Доктор выбил свою об угол кушетки.

— Мой Гнедой — на редкость добродушное животное. Вот только что грызет немного свои ясли. Ведь, собственно говоря, для лошади — это пустяковый недостаток. А как легко он идет в упряжке, как чувствует вожжи, стоит только шевельнуть ими. Благородный конь. На таком только и ездить.

— Да, да… Ничего не скажешь, изящное животное.

— Знаешь, Рист, ведь, собственно говоря, эта лошадь как раз то, что тебе надо — очень она послушна в упряжке!

— Ты что, предлагаешь выменять Буланого? — задумчиво проговорил доктор. — Я, собственно, об этом не думал. — Доктор покачал головой. — Никак не могу взять в толк, почему он все-таки сворачивает в сторону.

— Зато я, мой милый, прекрасно это понимаю.

— Как бы тебе не прогадать на этом обмене, Йегер, ведь дело такое…
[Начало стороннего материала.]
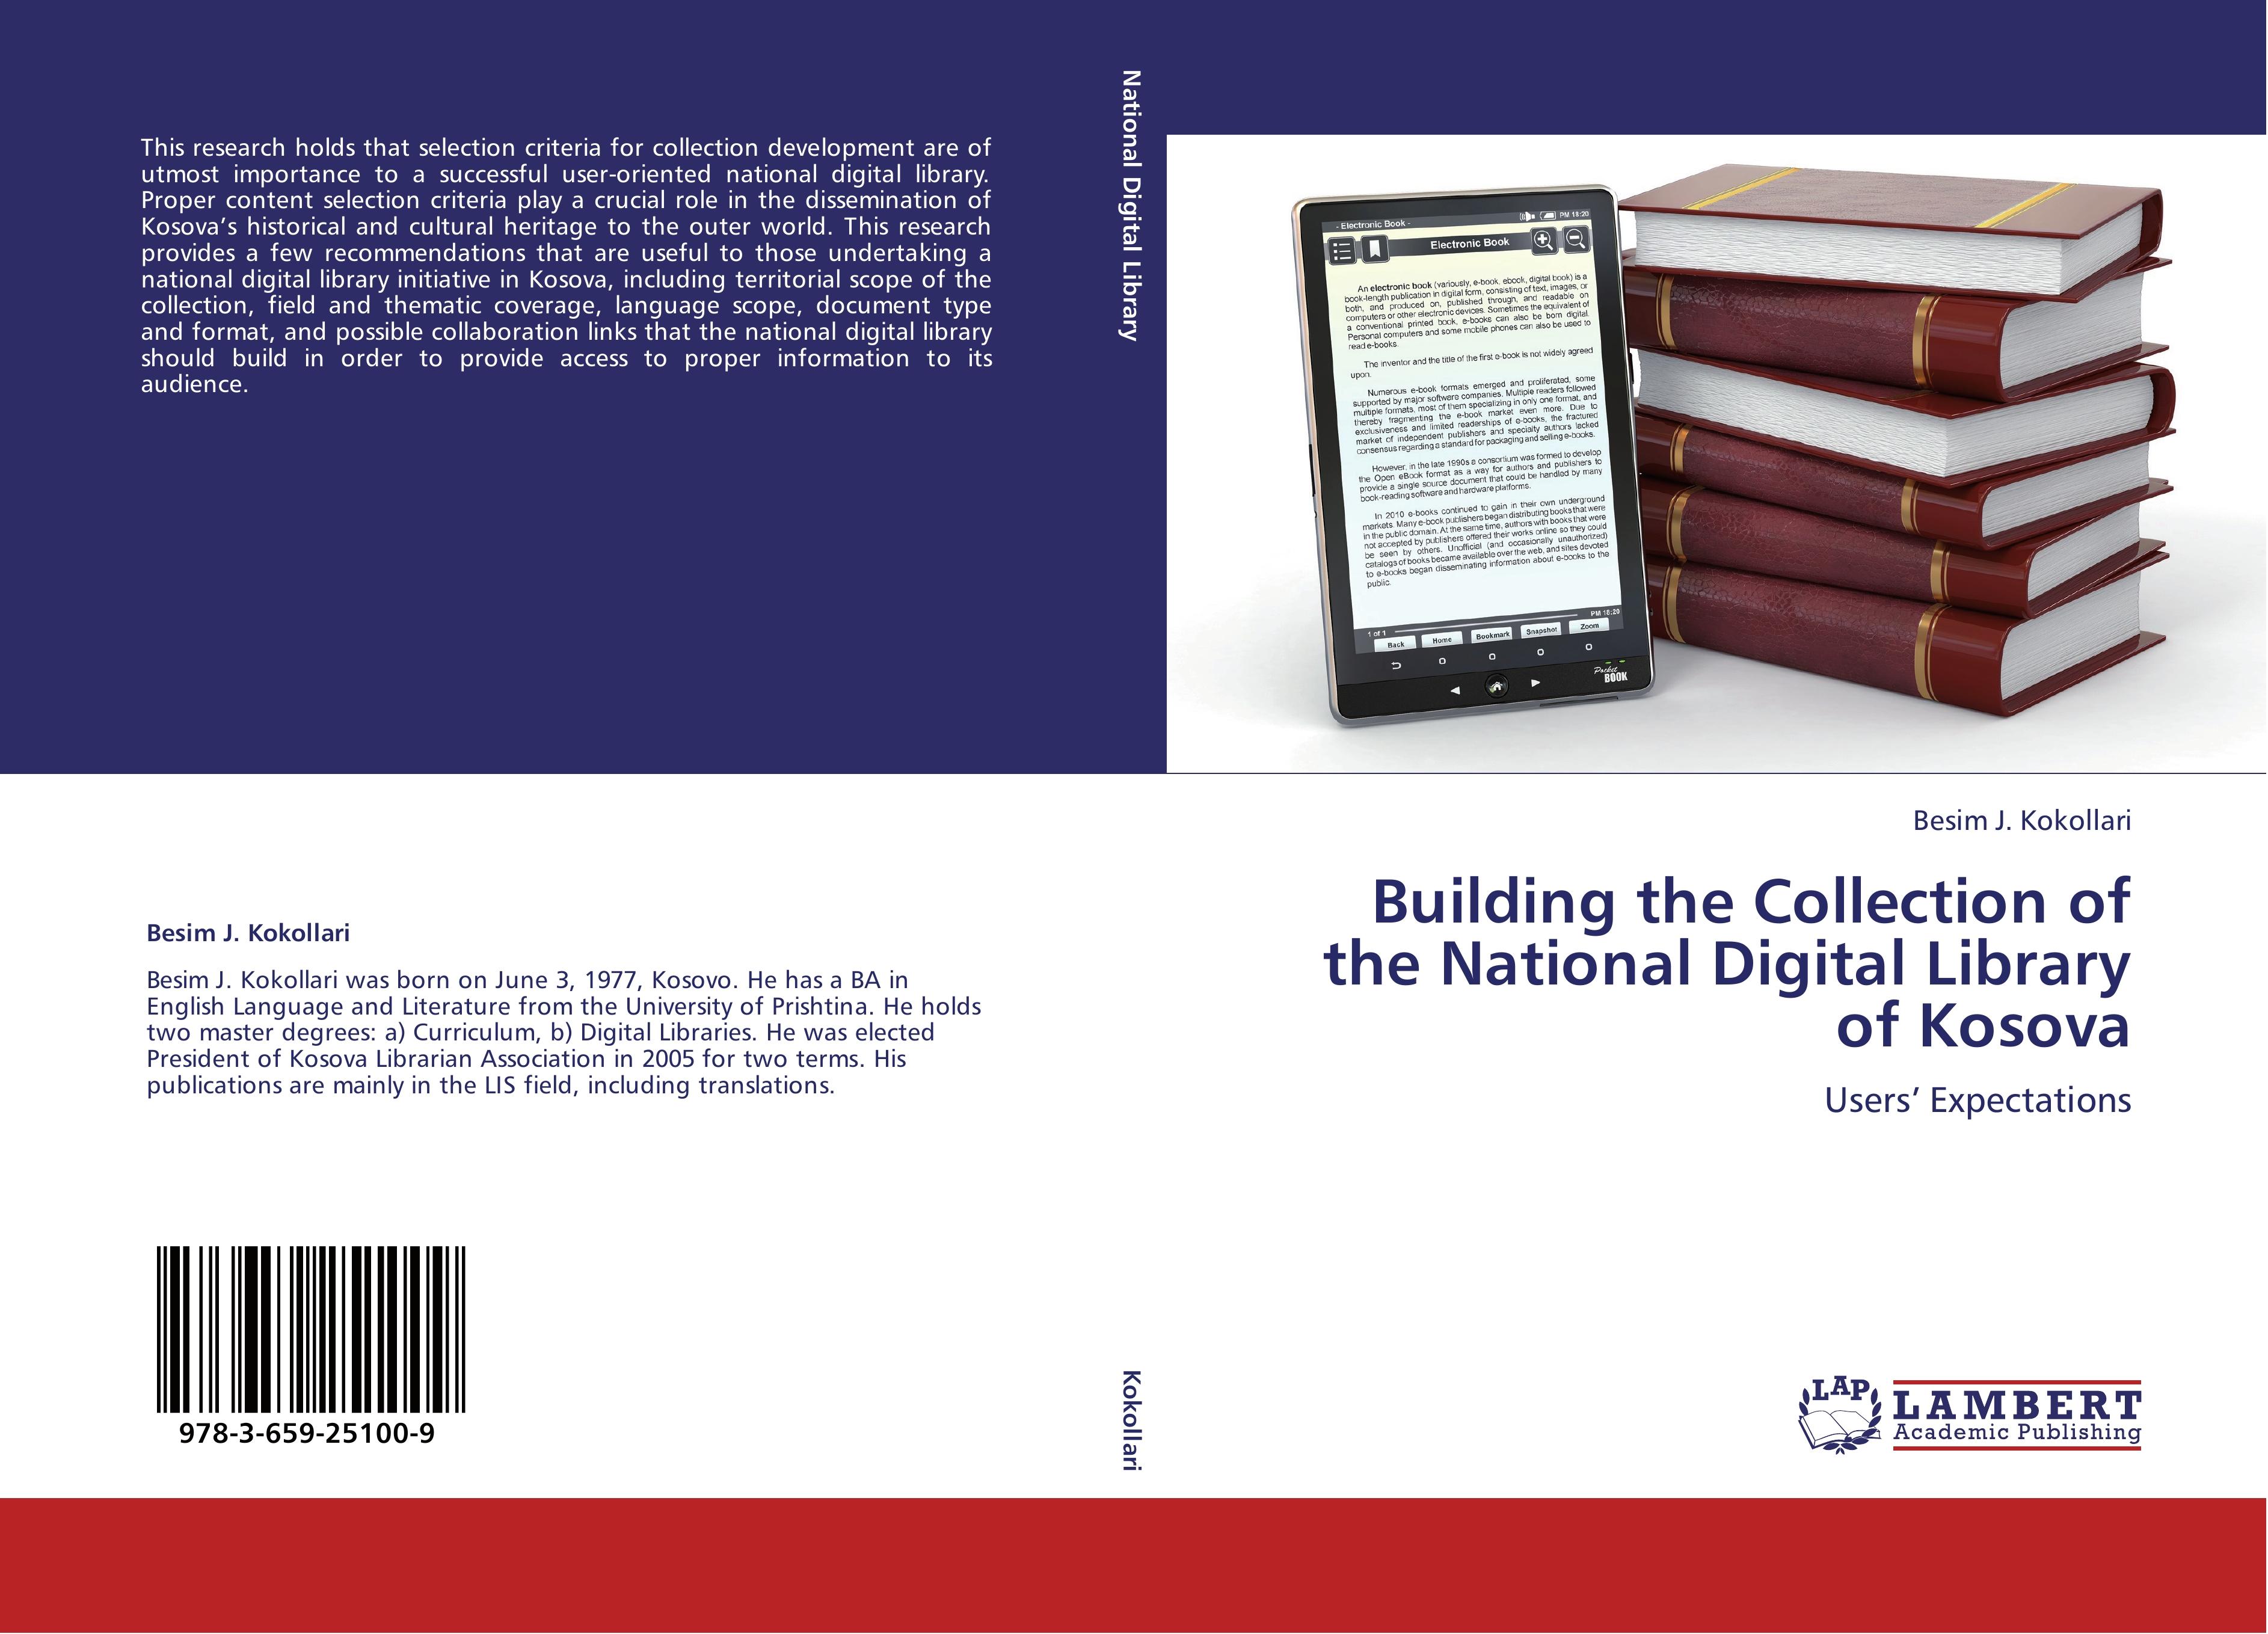 Building the Collection of the National Digital Library of Kosova - Besim J. Kokollari

— Мне? Прогадать? Ха-ха-ха!.. — Капитан смеялся с задорной самоуверенностью. Он весь сотрясался от смеха. — Ну, Рист, по рукам!!! Меняемся!

— Экий ты скорый, Йегер!

— Такой уж я человек, люблю все решать разом, не долго думая. Давай обмоем наш обмен! — возбужденно воскликнул капитан. Парик его съехал набок, он вскочил с места. — Давай поглядим, не найдется ли в шкафу у матери коньячку.


Какие же скрытые пороки, черт возьми, были еще у этой лошади?

Все мысли капитана были направлены на то, как выправить Буланого.

Лошадь все время поворачивала голову вправо и так и норовила съехать в канаву, стоило только чуть-чуть ослабить поводья. И невозможно было найти причину.

Нынче утром она снова зацепила оглоблей столб у ворот. Может, она пугается тени? Что ж, это мысль! Капитан решил испытать ее ночью, при лунном свете.

Когда он под вечер пришел в конюшню, его взору открылась странная картина.

Долговязый Ула вывел Буланого из стойла и угрожающе поднес кулак прямо ко лбу лошади:

— Я уже по-всякому пробовал, господин капитан. Если ему с этой стороны даже топор приставить к голове — он не двинется, ухом не поведет. Но поглядите, господин капитан, как он волнуется вот теперь. — И Ула поднес кулак с другой стороны. — Ясное дело! Он слепой на левый глаз, ничегошеньки им не видит!

— Так вот оно что… — Капитан в бешенстве отвесил Уле пощечину. — Чего это ты, свинья паршивая, лошади кулаком угрожаешь?

Когда долговязый Ула задавал вечером лошадям корм, капитан снова явился в конюшню. Он взял фонарь и осветил Буланого.

— Да, учи тебя, не учи, ты все равно будешь сворачивать в канаву. На, Ула, возьми себе эту монету, хоть ты на всей этой истории что-нибудь заработаешь.

Широкое лицо Улы расплылось в лукавой улыбке:

— Зато доктору придется запастись досками — ведь Гнедой за то время, что был у нас, сгрыз три двухдюймовки.

— Слушай, Ула, — сказал капитан, — лучше всего будет уверить доктора, что у нас Буланый видит обоими глазами.

Когда долговязый Ула уже весной по распутице вез дрова в Гилье, ему пришлось съехать в сторону, чтобы дать дорогу доктору, который катил на своих санях с севера.

— Ты, я вижу, на Буланом! Ну и как? Удалось капитану его перевоспитать? Небось по-прежнему так и норовит попасть в канаву?

— Боже избави, господин доктор. Господин капитан сразу же научил его уму-разуму. Теперь идет так же прямо, как я, когда я трезвый.

— Ну уж это ты кому-нибудь другому заливай, лгун несчастный! — пробормотал доктор, хлестнул свою лошадь и помчался дальше.